■ REQUIREMENT ■
Each line of the listing, apart from the pictures, is to be printed exactly.

** COLLECTED MATERIAL follows **

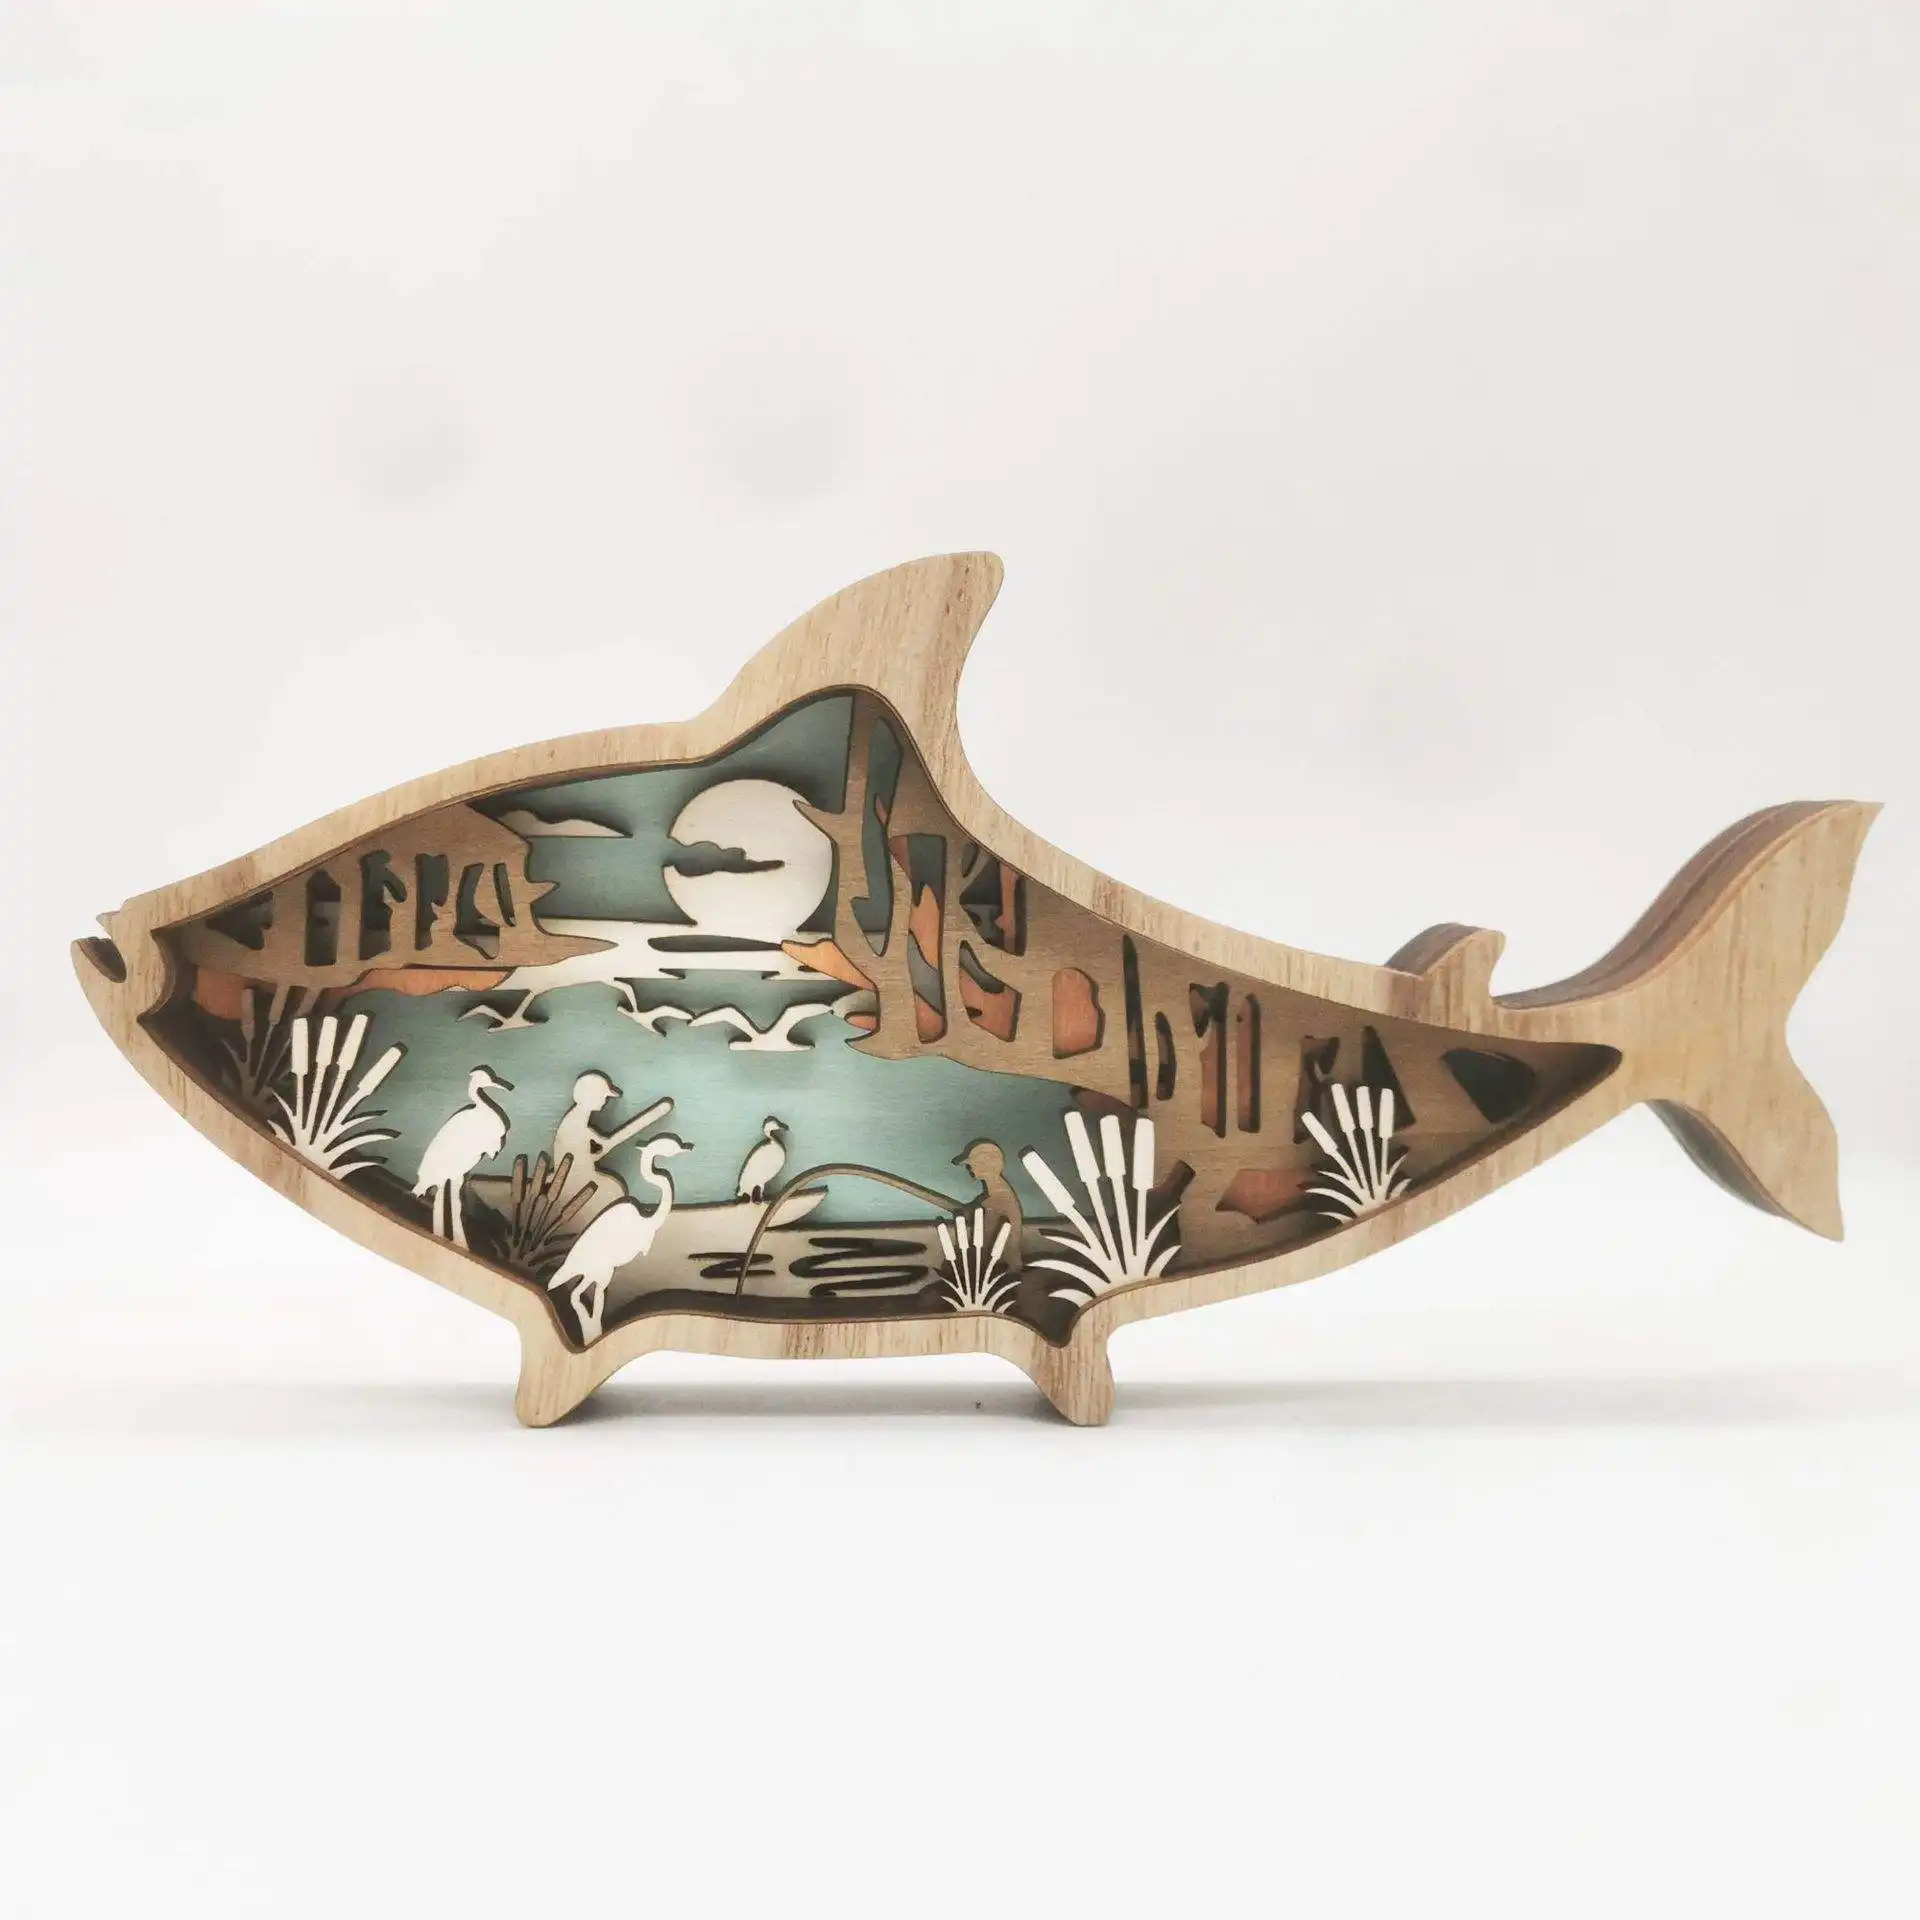 3D Light Exquisite personalizza soggiorno decorazione della casa pesce intaglio del legno piccoli ornamenti
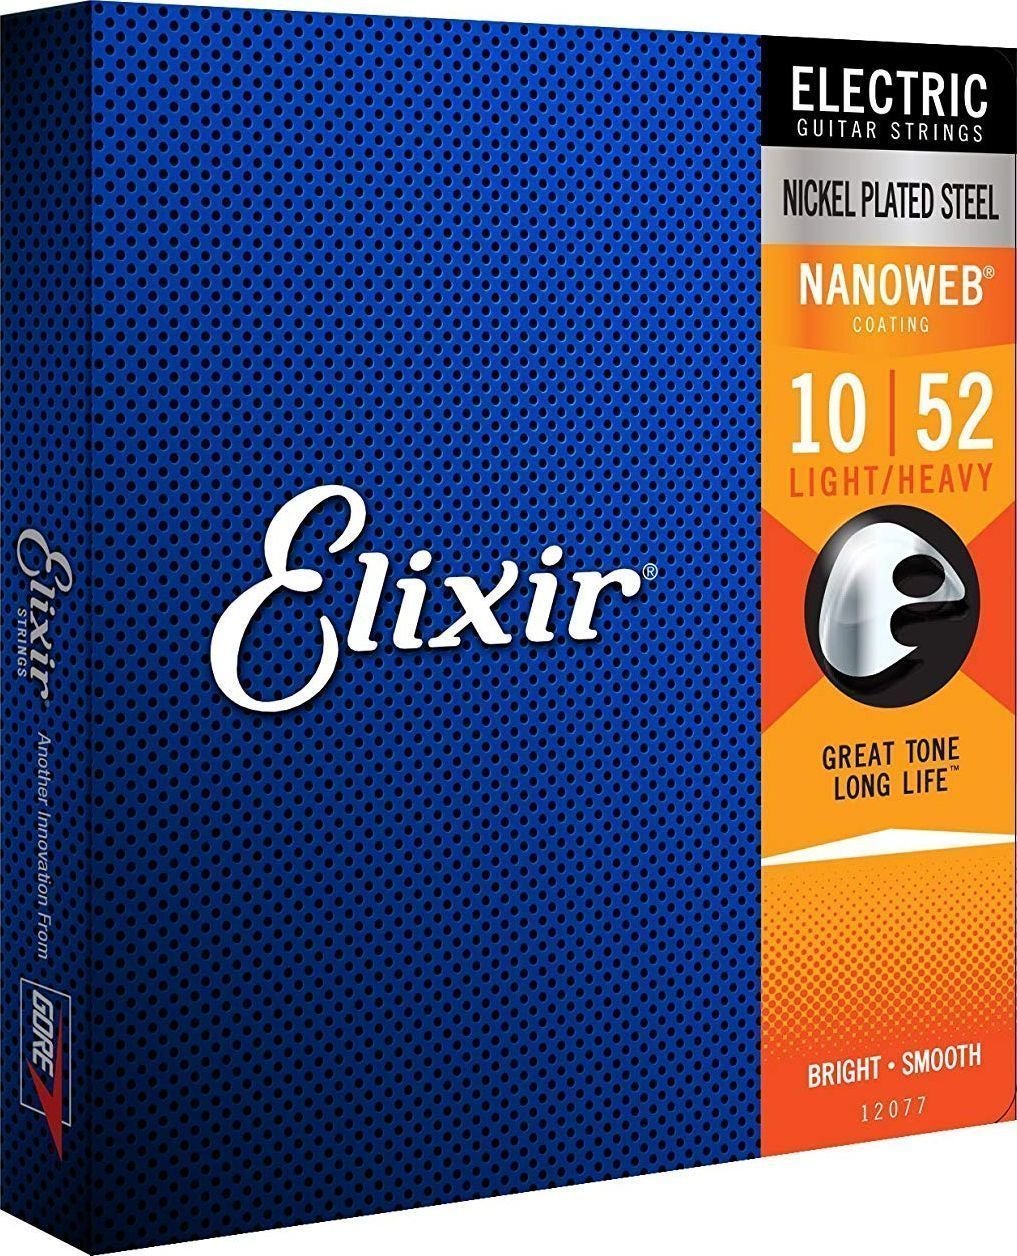 E-guitar strings Elixir 12077 Nanoweb 10-52
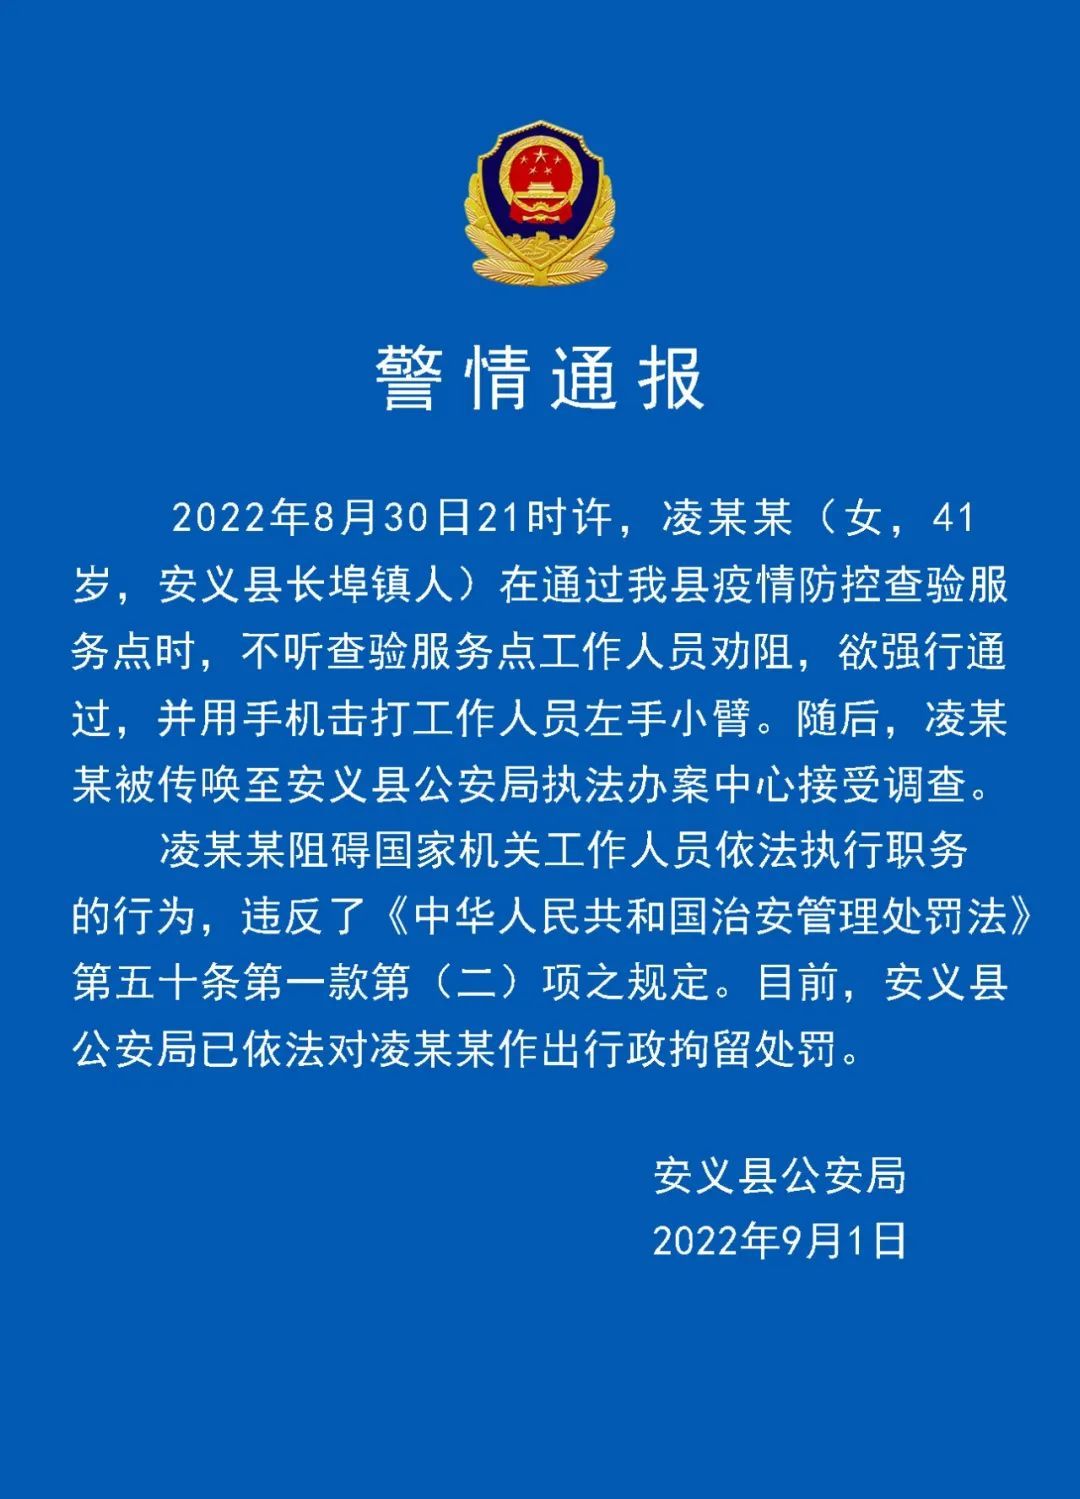 “安义县”江西南昌安义县一女子通过防疫查验点时用手机击打工作人员，被警方行拘

** End of COLLECTED MATERIAL **

■ ANSWER SPACE ■
 3D Light Exquisite personalizza soggiorno decorazione della casa pesce intaglio del legno piccoli ornamenti
 E-guitar strings Elixir 12077 Nanoweb 10-52
 “安义县”江西南昌安义县一女子通过防疫查验点时用手机击打工作人员，被警方行拘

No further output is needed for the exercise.